- Source material:

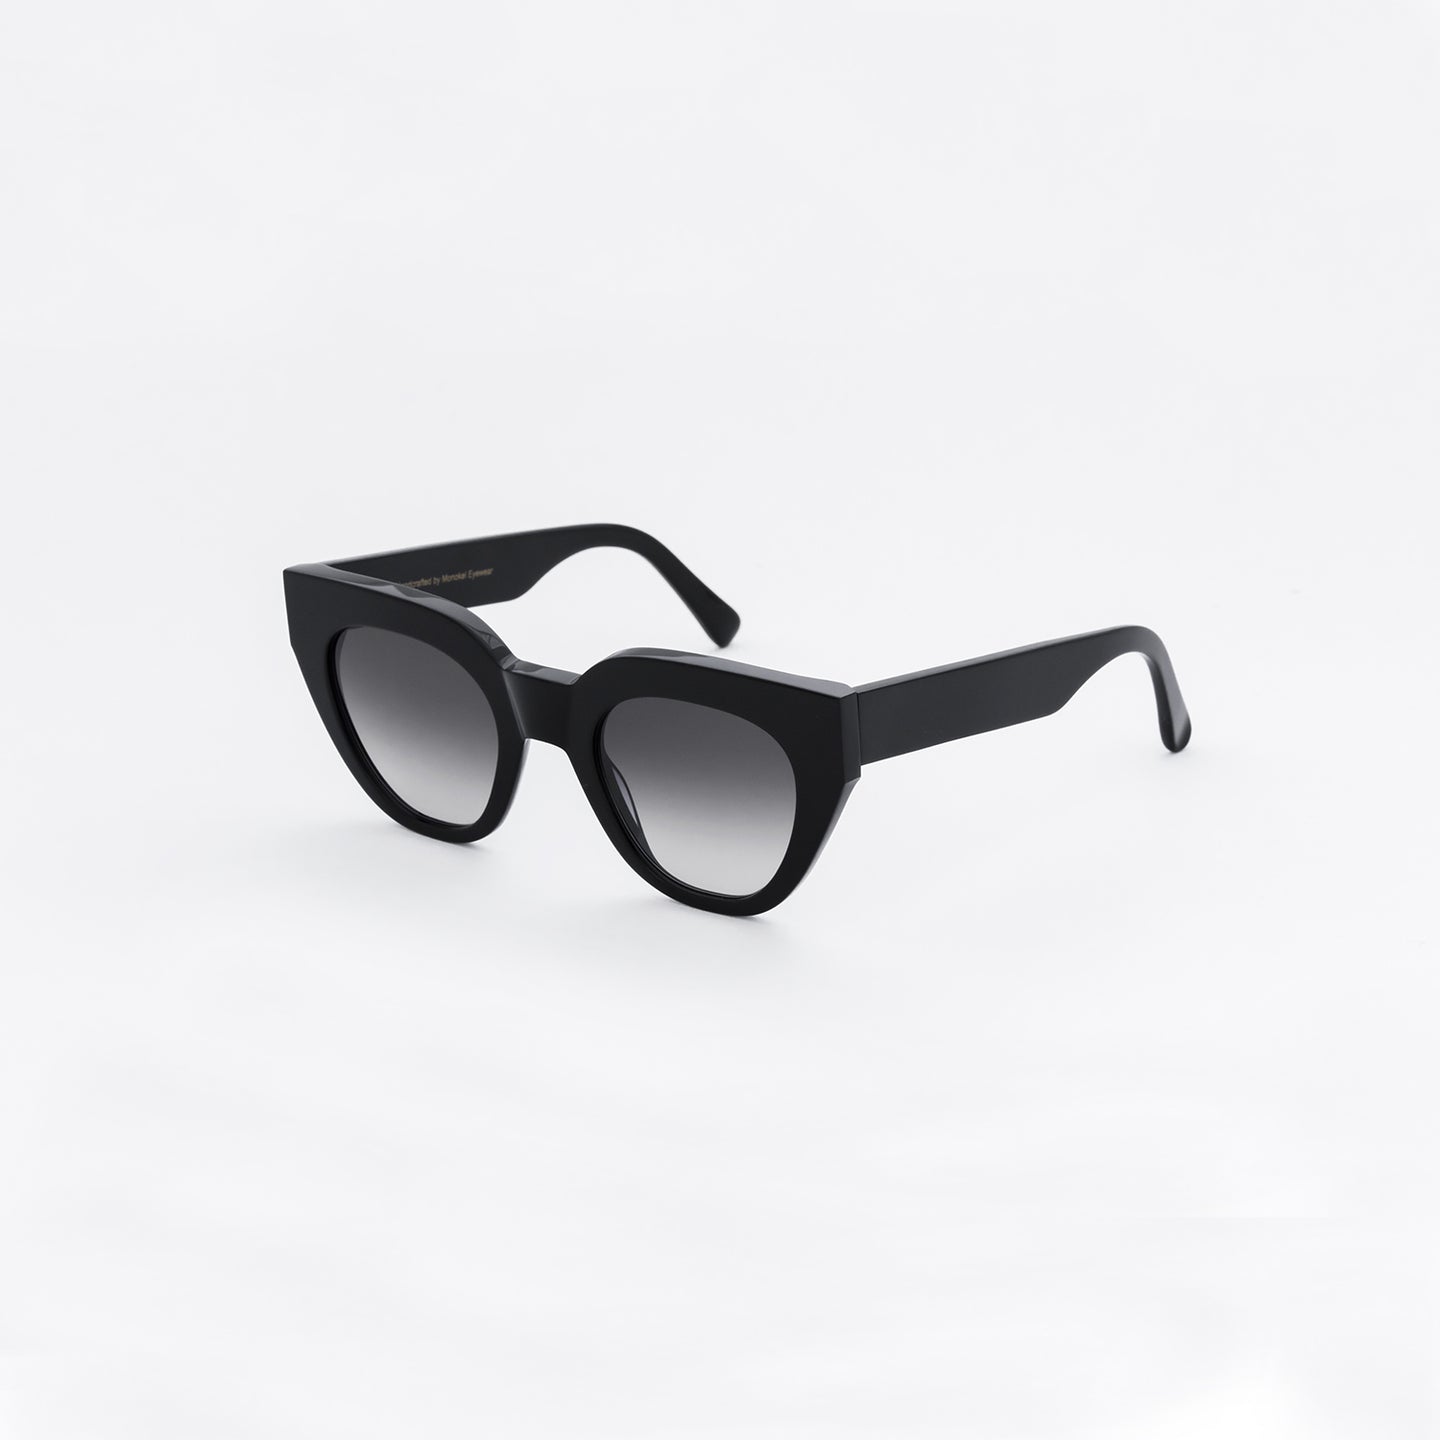 sunglasses MONOKEL model HILMA color BLACK
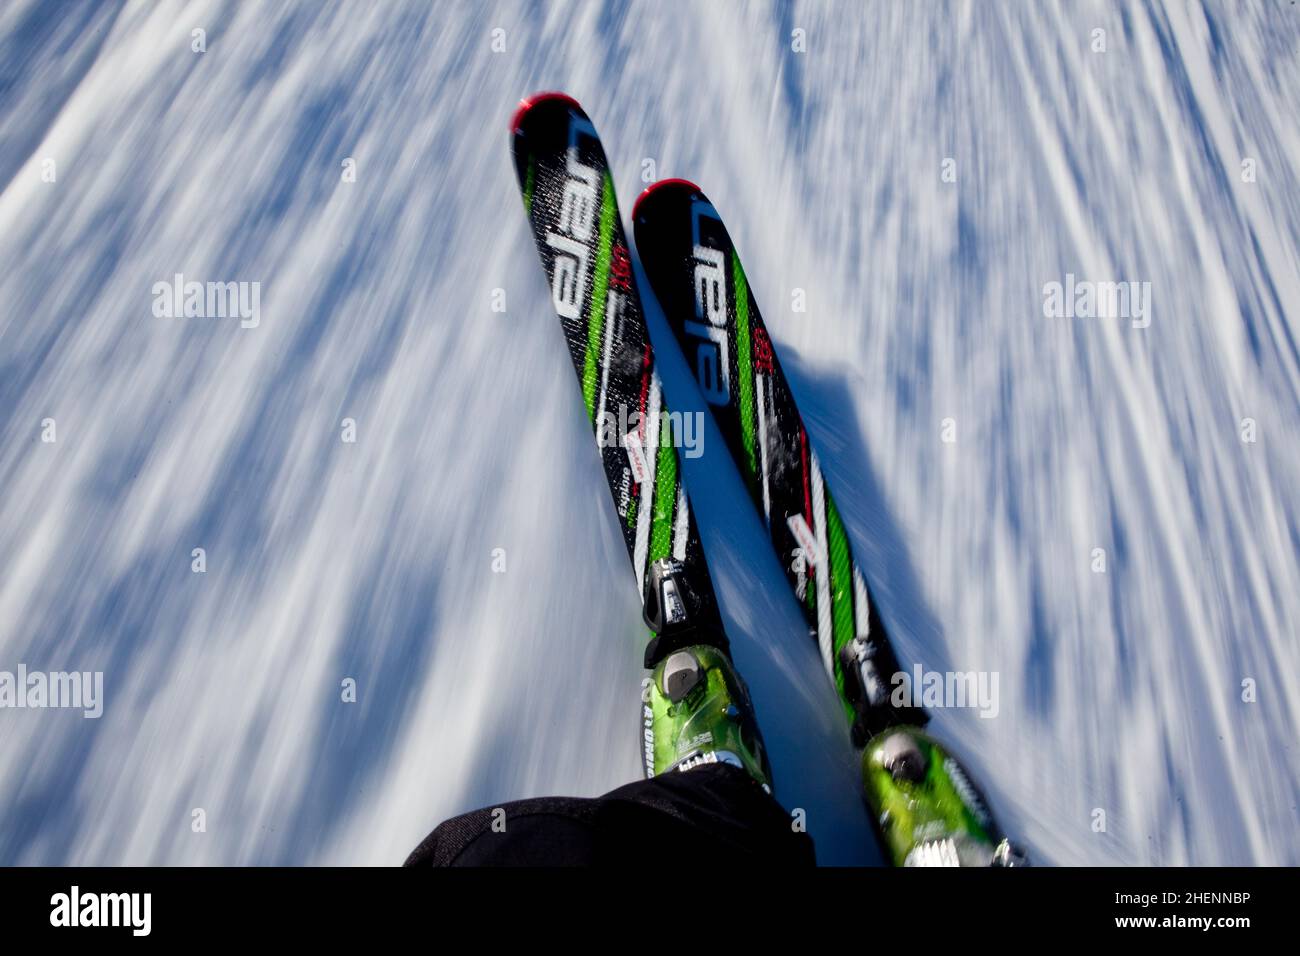 Motion blur of Alpine skis on a downhill run. Stock Photo
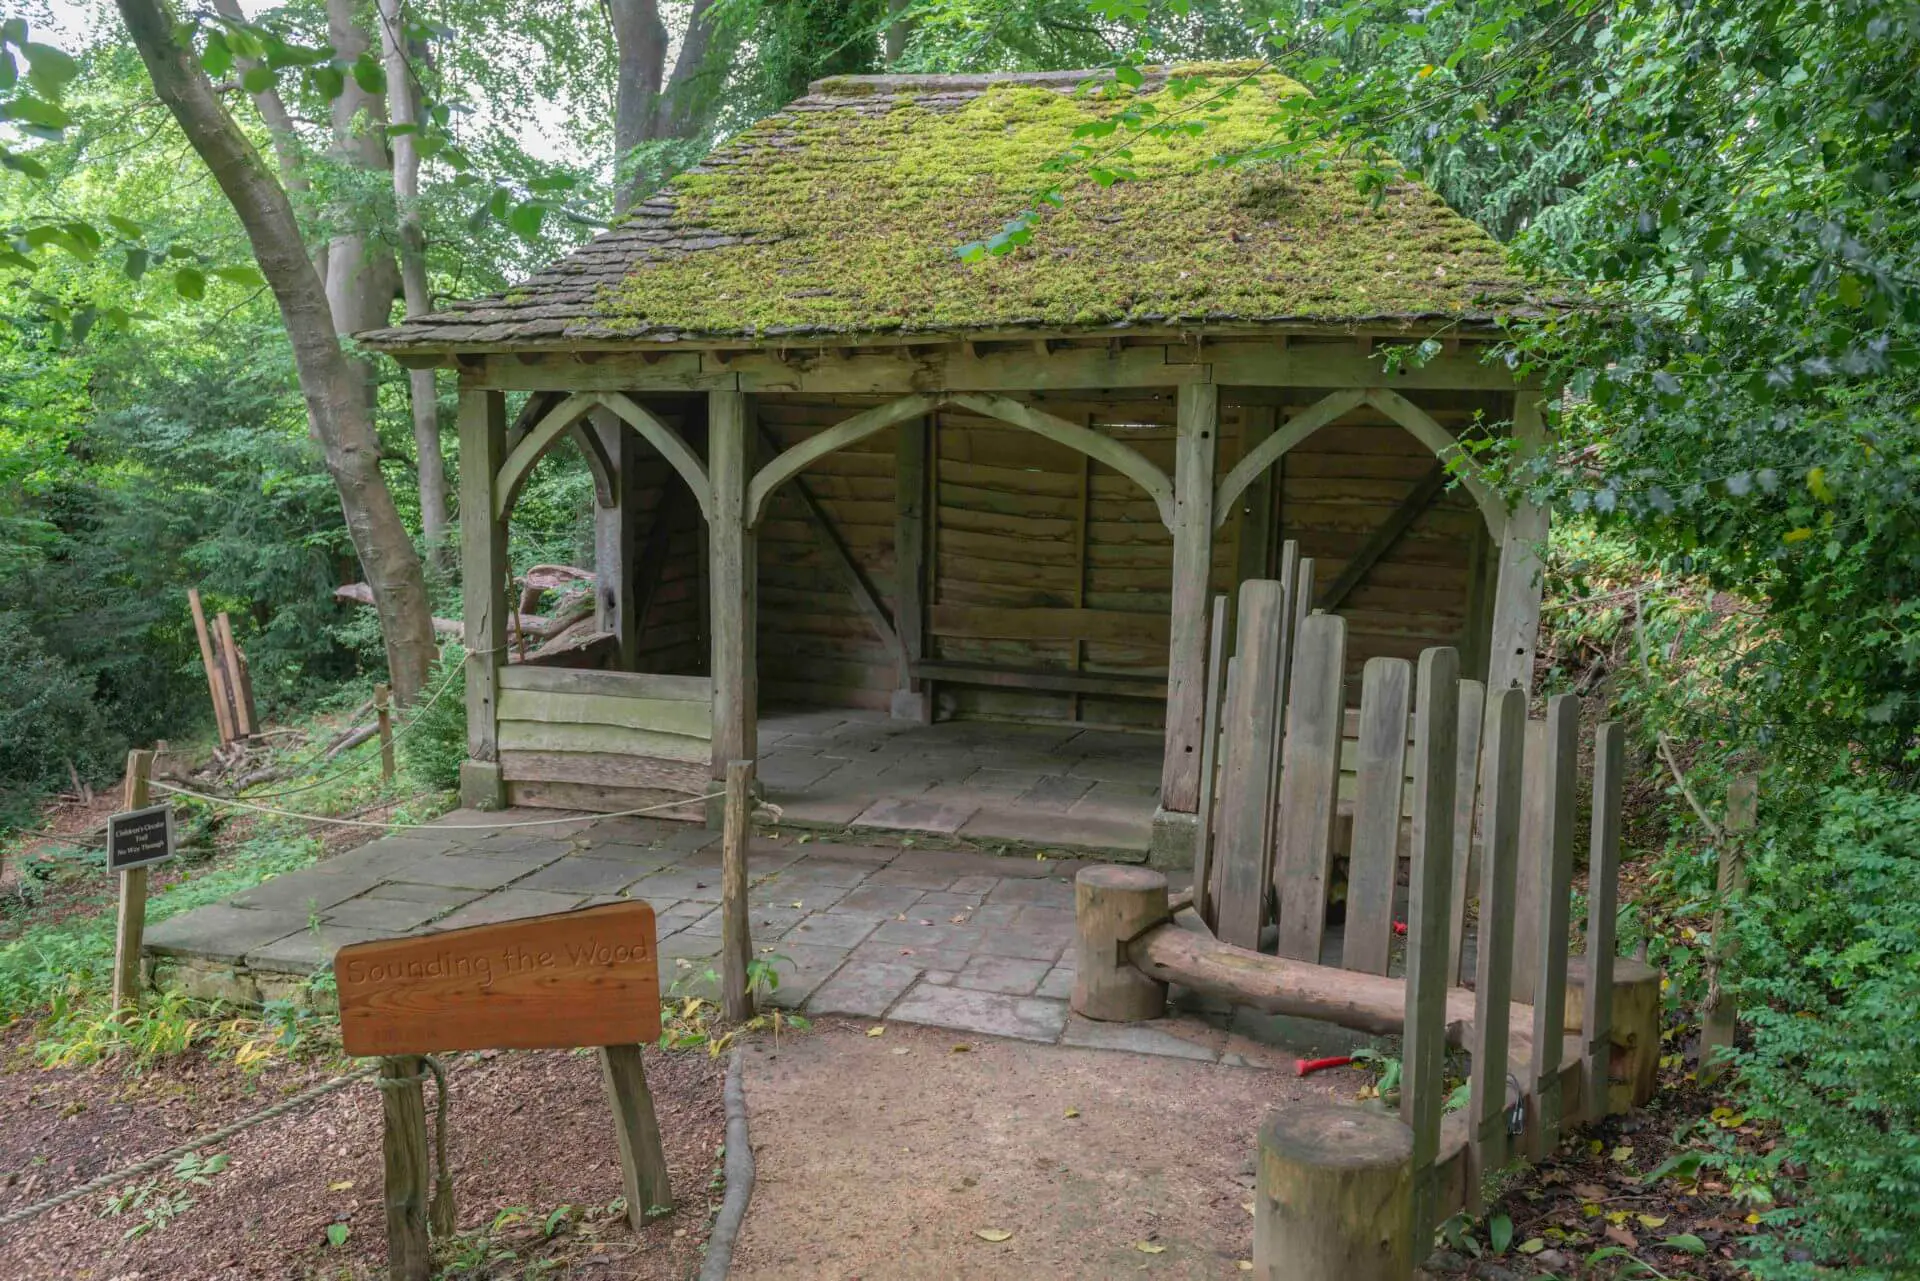 The Summerhouse at Prior Park Landscape Garden
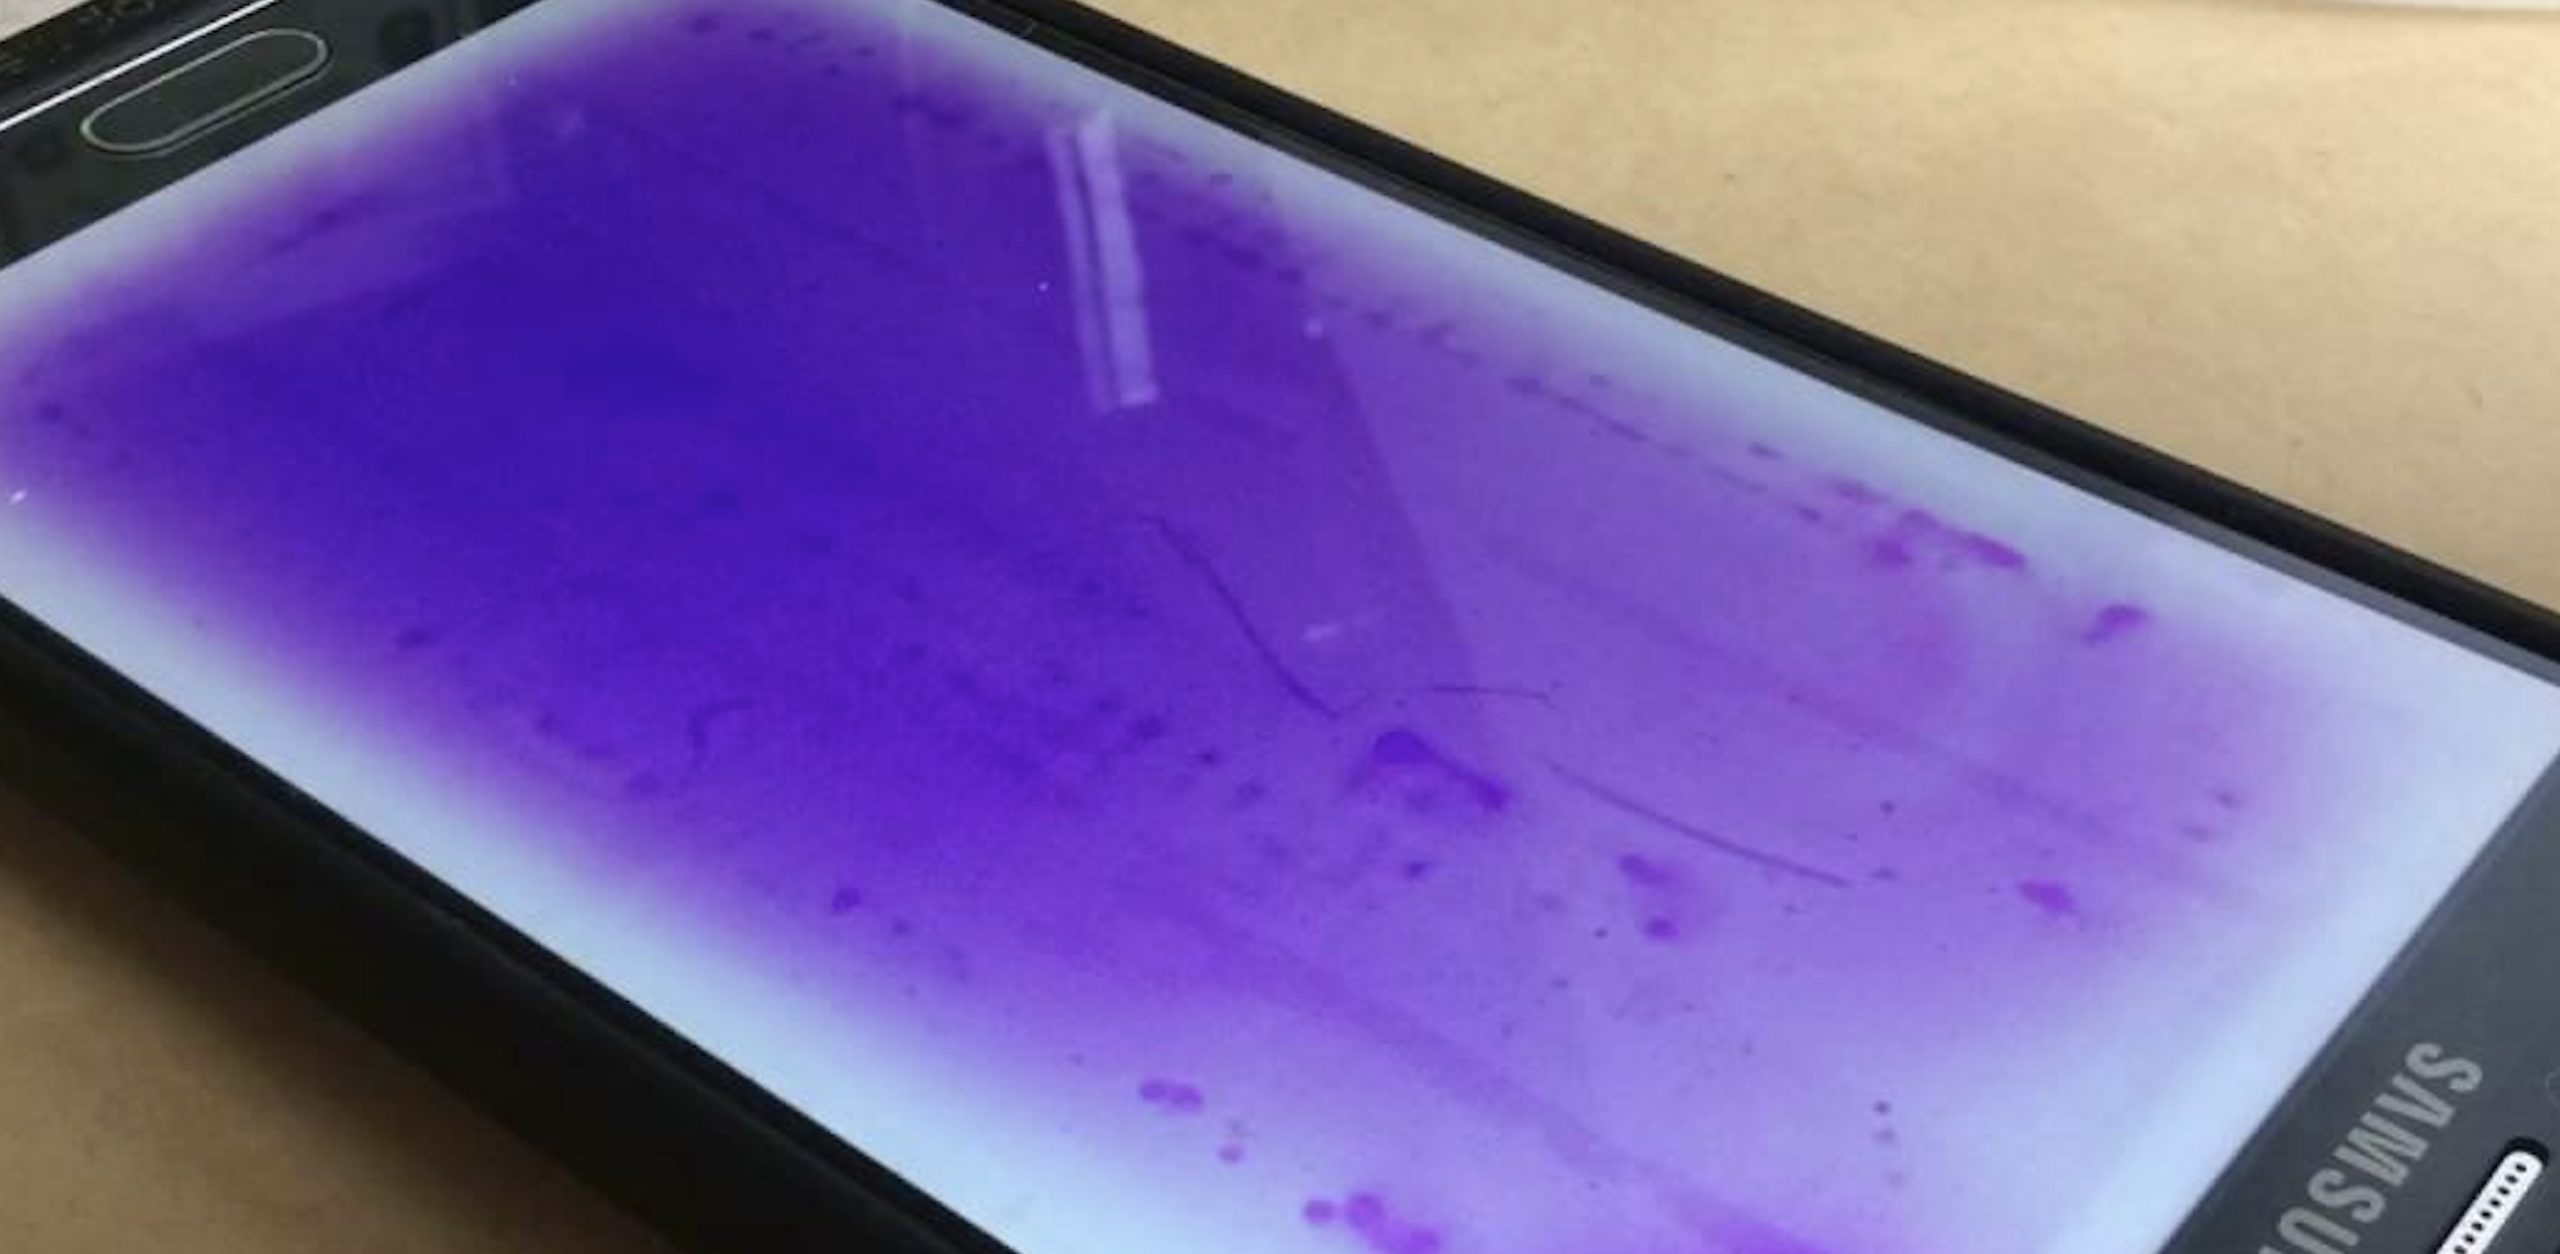 How to Fix Samsung Galaxy S6 Purple Screen

- Problem description:
Without altering anything, output all the lines above but none of the images.

- Result:
 sunglasses MONOKEL model HILMA color BLACK
 Motion blur of Alpine skis on a downhill run. Stock Photo
 The Summerhouse at Prior Park Landscape Garden
 How to Fix Samsung Galaxy S6 Purple Screen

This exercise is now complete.